The next step is testing in a more realistic environment. That means building a functional AI interface with a confidence disclosure feature and observing how people interact with it on questions they actually care about. Think-aloud usability testing with 8 to 12 participants using a high-fidelity prototype would capture the qualitative texture that this quantitative study can't: what do people actually look at, what do they ignore, what would make them click through to verify? The quantitative study tells us that disclosure alone is insufficient.
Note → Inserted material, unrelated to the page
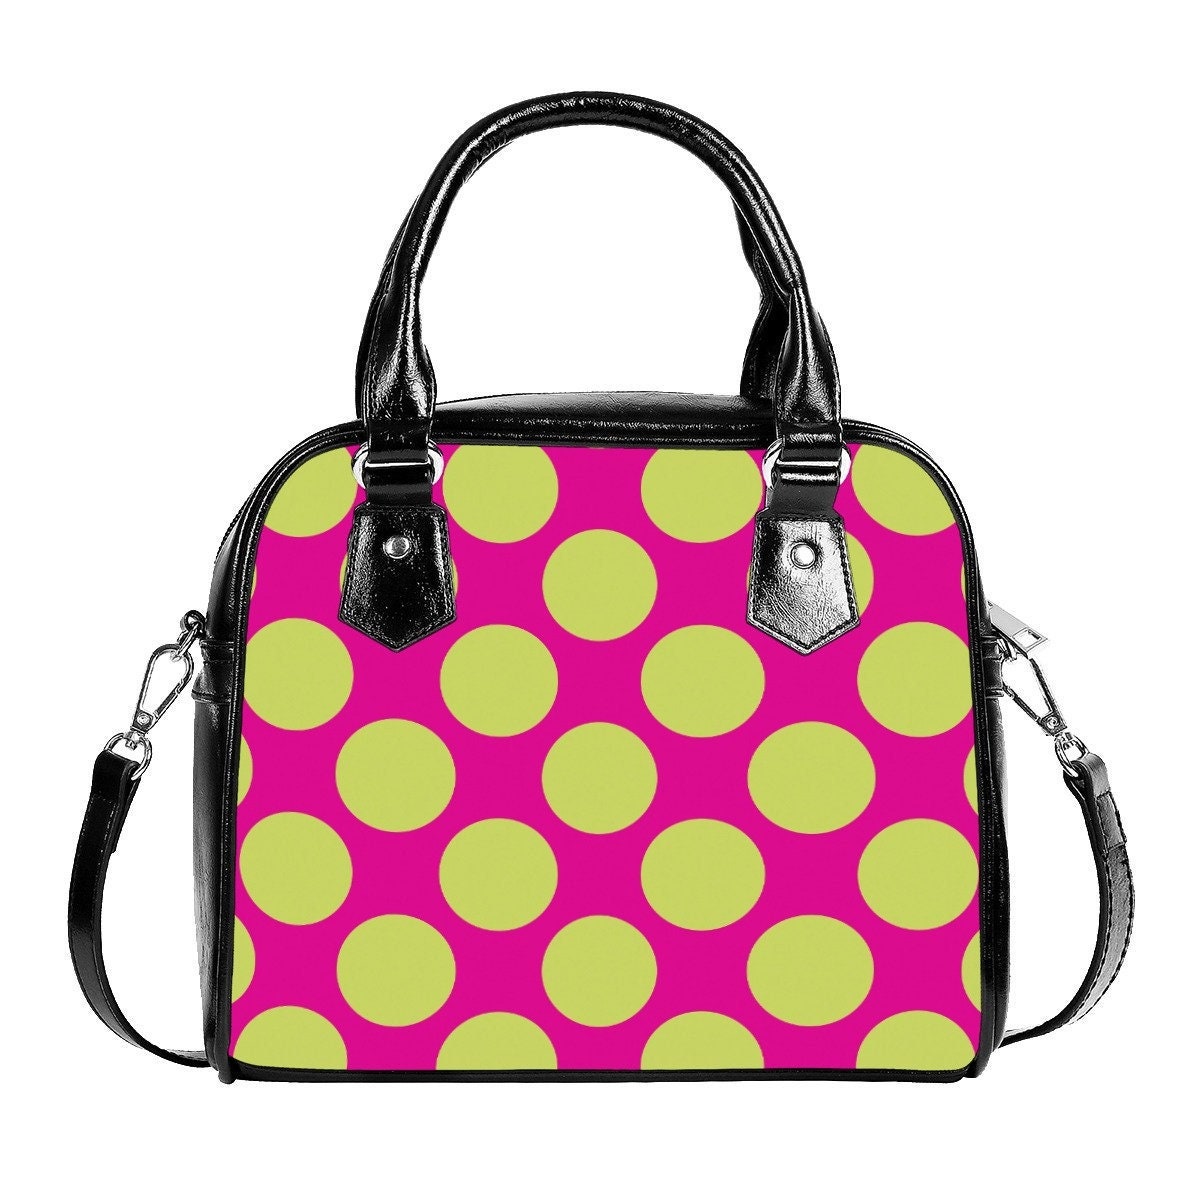 Polka Dot Handtasche, Pink Grün Polka Dot Handtasche, Retro Handtaschen, Retro Handtaschen für Frauen, Polka Dot Handtasche, Vintage Style Handtasche, Damentaschen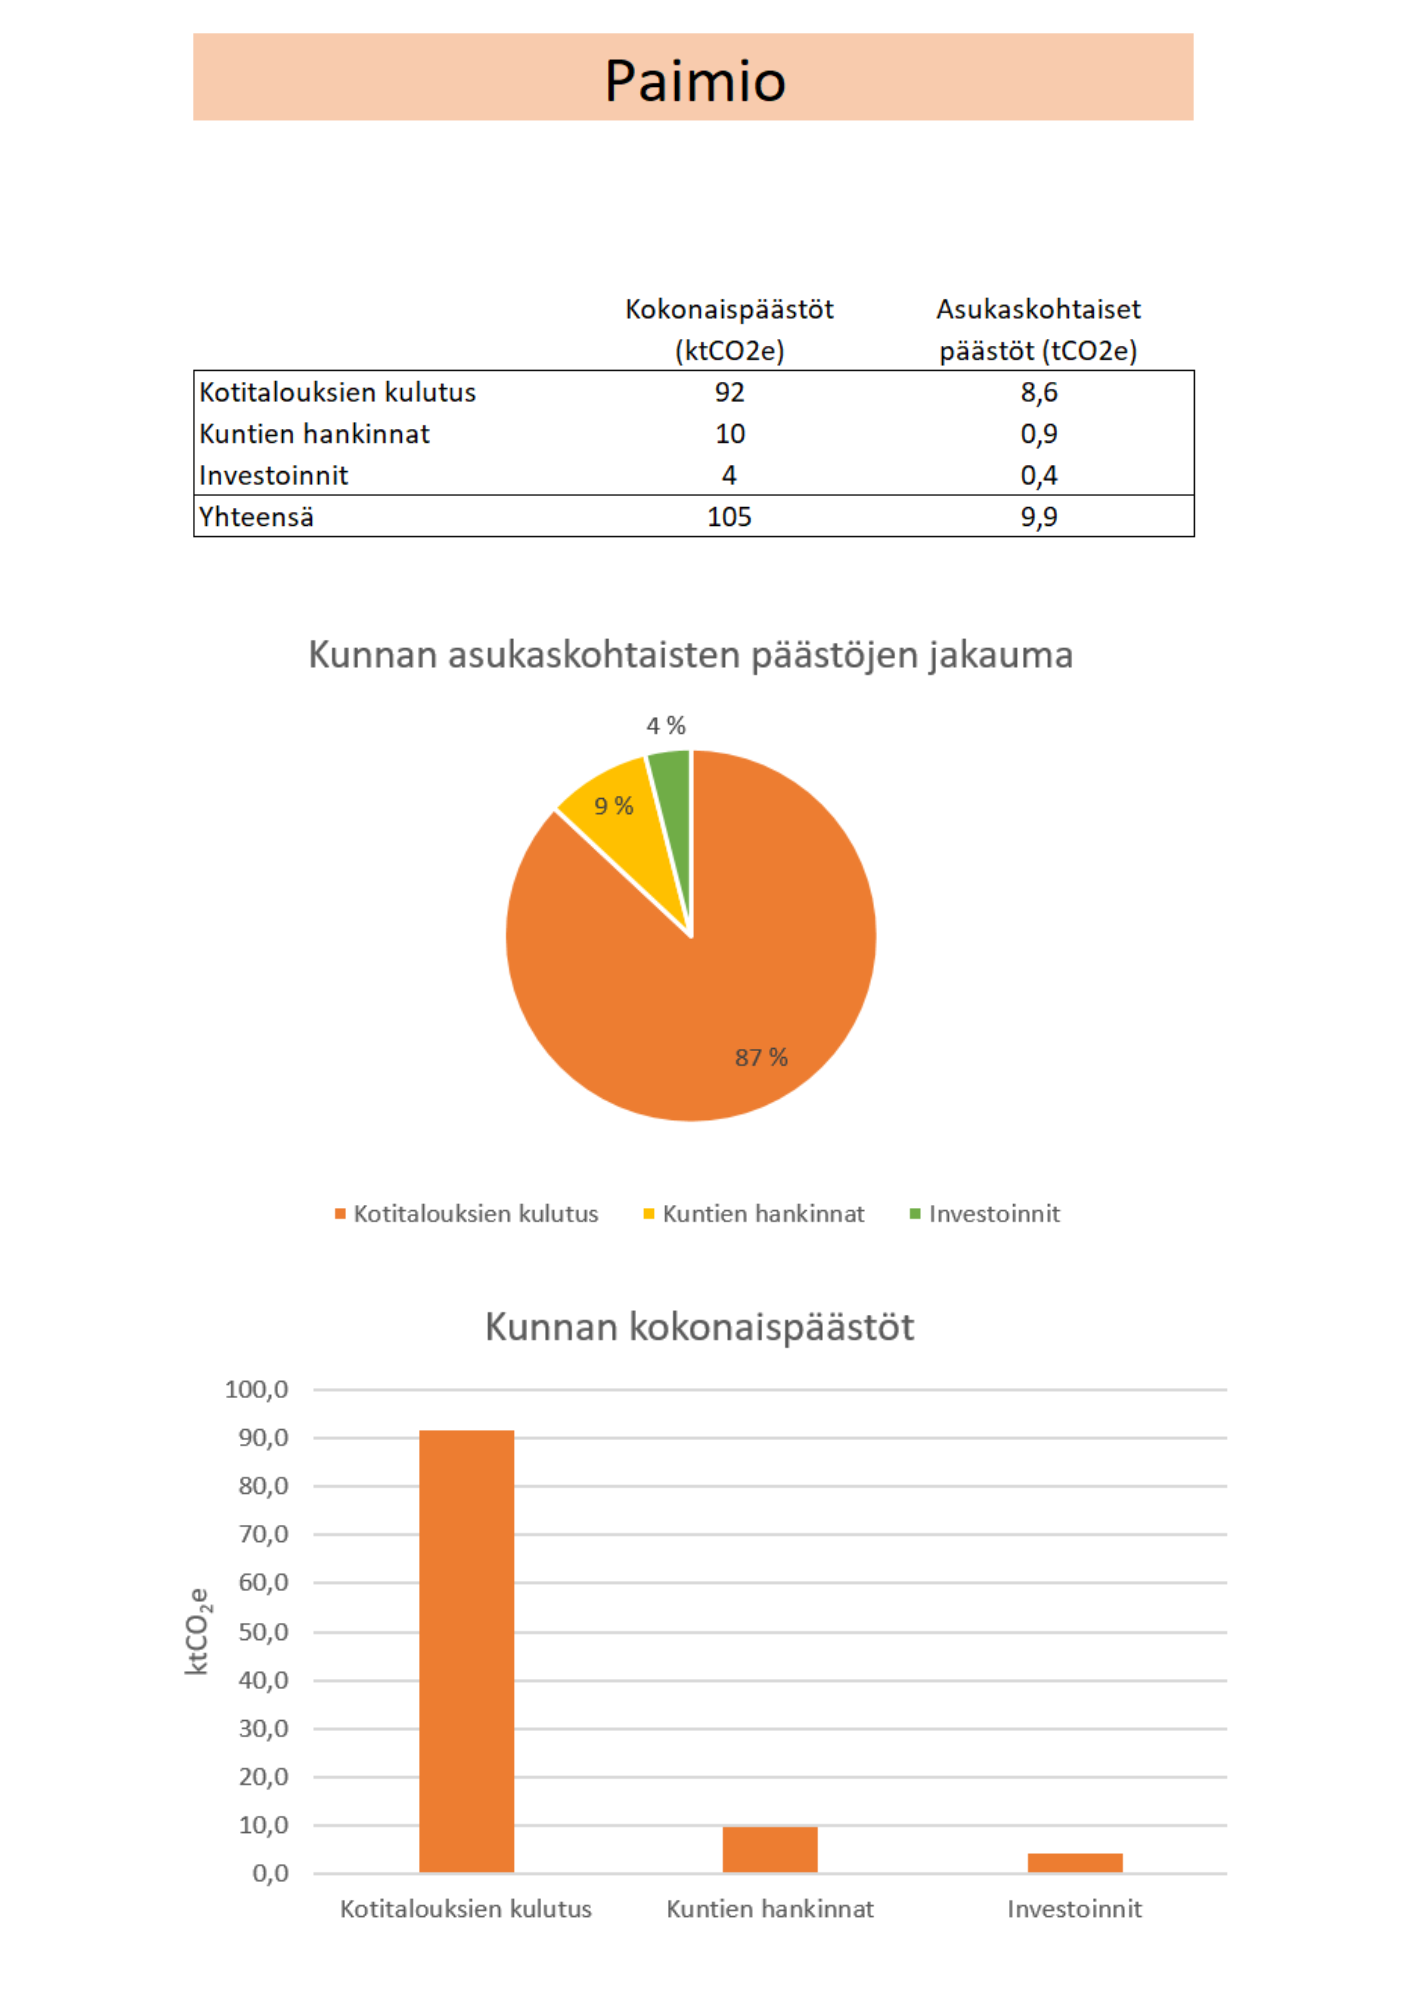 Kaaviossa esitetään Paimion kasvihuonekaasupäästöjen jakautuminen kotitalouksien kulutuksen, kunnan hankintojen ja investointien kesken.

The qualitative follow-up would tell us what "sufficient" looks like.

Research Materials

This study was designed and executed independently using Qualtrics for survey programming and Prolific for participant recruitment. The analysis pipeline was built in R (tidyverse, car, emmeans) with a reproducible script that regenerates all results and an HTML summary when new data is added. The confidence indicator stimuli, secondary source materials, and comprehension assessments were all developed specifically for this study.